If section 8 is potentially impinged because there is a privacy interest, then one should a priori seek a warrant, especially to search a vehicle or premises. In order to sign a warrant a judge must be convinced that there are reasonable and probable grounds for believing in the prior existence of facts justifying the search. The warrant is a priori a warrant only to search certain things that are mentioned in the warrant. If the police say they are searching for drugs but fail to disclose that they are also searching for guns then they may be violating section 8. You only have legal authority to search for what you asked and obtained authorization to search in the first place. The Supreme Court  has held, moreover, that there is a presumption that warrantless searches are unreasonable (see Evans in the next session; also Hunter v. Southam)
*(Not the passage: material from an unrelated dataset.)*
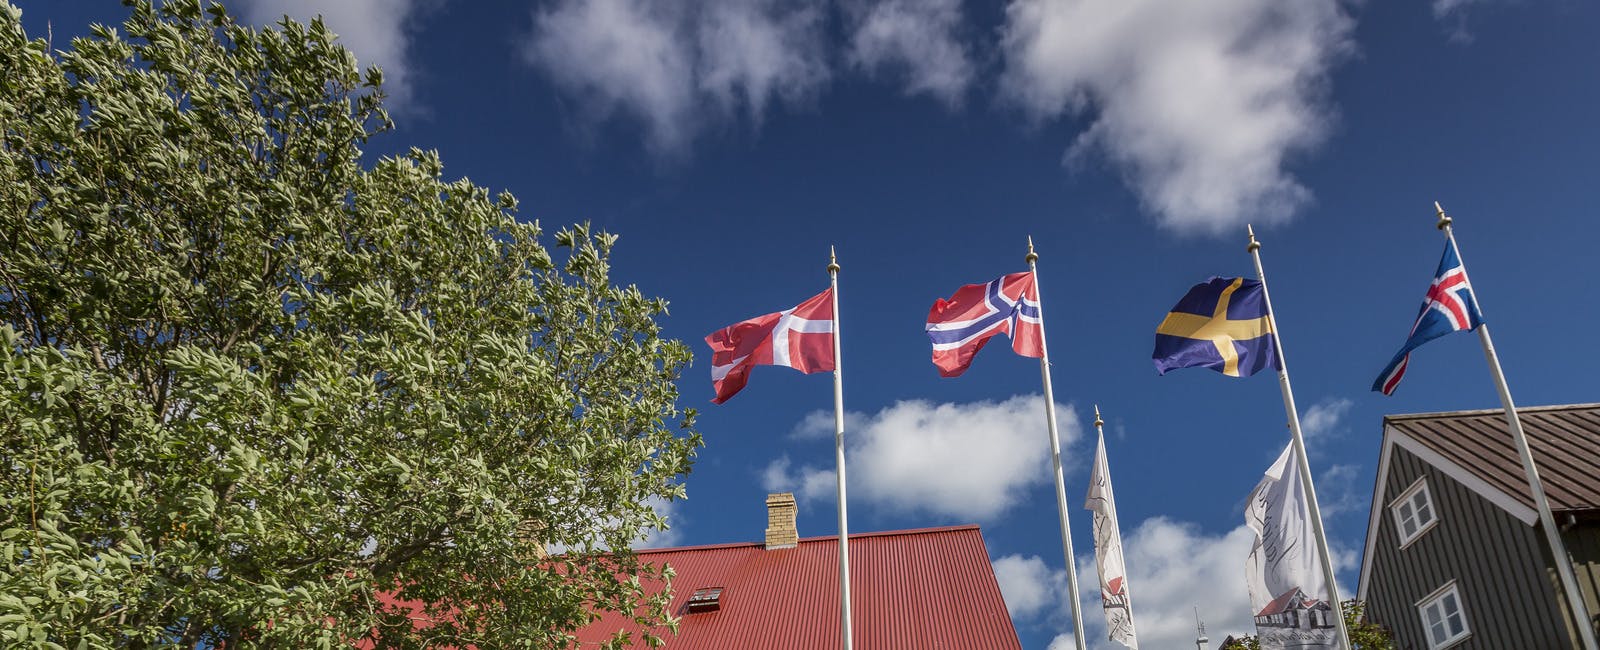 Flags of Denmark, Norway, Sweden and Iceland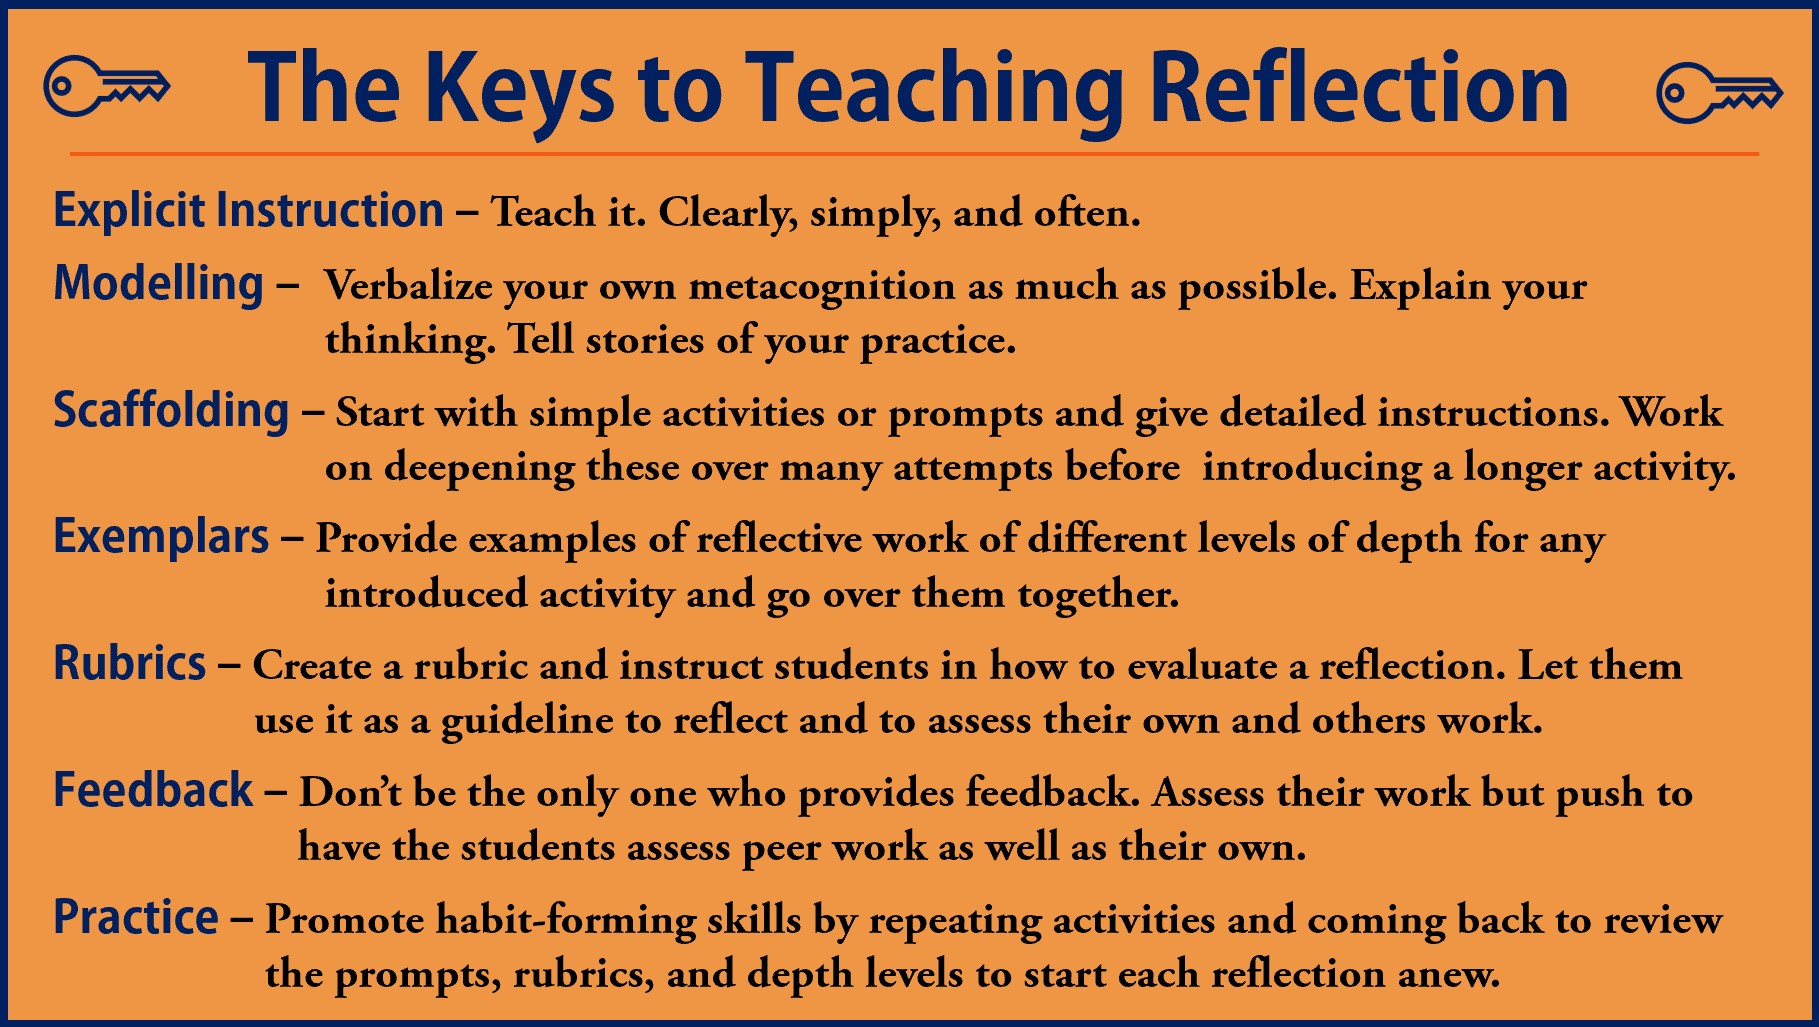 A summary graphic of the key teaching principles for reflection: explicit instruction, modelling, scaffolding, exemplars, rubrics, feedback, practice.

However, there are also a few exceptions to the rule that one should always obtain a warrant.

The most important is that in certain circumstances it would simply not be practical to obtain a warrant, although one will want to be careful to not allow the police to always or routinely claim that going before a judge was an inconvenience. A police officer may exercise the search powers that he would normally be able to exercise under a warrant if "exigent circumstances" make it impractical to obtain a warrant. Exigent circumstances would include, for example,  "imminent danger of the loss, removal, destruction or disappearance of the evidence." It may be easier to find exigent circumstances when it comes to cars or boats, for example, both because the privacy expectation is a bit less than a dwelling, and because they are mobile and therefore more likely to flee (a house, by comparison, is going nowhere).

However, in such a case, the reasons for obtaining a warrant must exist. The idea is that the police is only allowed to do in situations of emergency what it can demonstrate it would have been allowed to do in normal circumstances. Moreover, the power to search without warrant must exist, either in a given Statute or in common law (of example the Narcotics Control Act). There is no general power to search without warrant. The Courts will look not only at whether the search was executed reasonably but also whether the power to search without warrant, if it exists, is itself reasonable. In the Kokesch case (next session), for example, the Supreme Court found that a "perimeter search" based on a mere suspicion did not satisfy the threshold for a warrantless search. What is fundamentally at stake in such cases is that the police should pause and obtain a warrant, not take a shortcut and conduct a search without the presence of "exigent circumstances."

There are also a number of exceptions that are tied to the exercise of lawful powers. In that category, one may include the exception to the need to obtain a search warrant if a search incidental to arrest, even when the arrest is without warrant. This makes sense if the police have already independently satisfied the threshold to proceed to an arrest. Another exception is the "plain view" doctrine. Assuming the police is in good faith and did not forget to mention that they were looking for certain things in their request for a search warrant (which would be a case of overstepping their authority if they then find that thing), it may just be that the police will, in the course of a search, stumble upon evidence of a crime. Because it is not something that the police is looking for as such, it would of course have to be something that was quite clearly evidence of a crime (e.g.: drugs left on the kitchen table), not something that would require extensive analysis.
Class Preparation:
Privacy Interest: 
  • R. v. Spencer, 2014 SCC 43 (headnote and section on "Reasonable Expectation of Privacy")
  • R. v. Mellenthin, [1992] 3 S.C.R. 615 (headnote only)
  • R. v. Feeney, [1997] 2 S.C.R. 13 (headnote only, excluding parts referring to access to counsel).
  • R. v. Vu, 2013 SCC 60, [2013] 3 S.C.R. 657 (headnote only)
  • R. v. Aucoin, 2012 SCC 66 (headnote only, ignore parts on exclusion of evidence)
  • R. v. MacDonald, 2014 SCC 3 (headnote, only part on searching).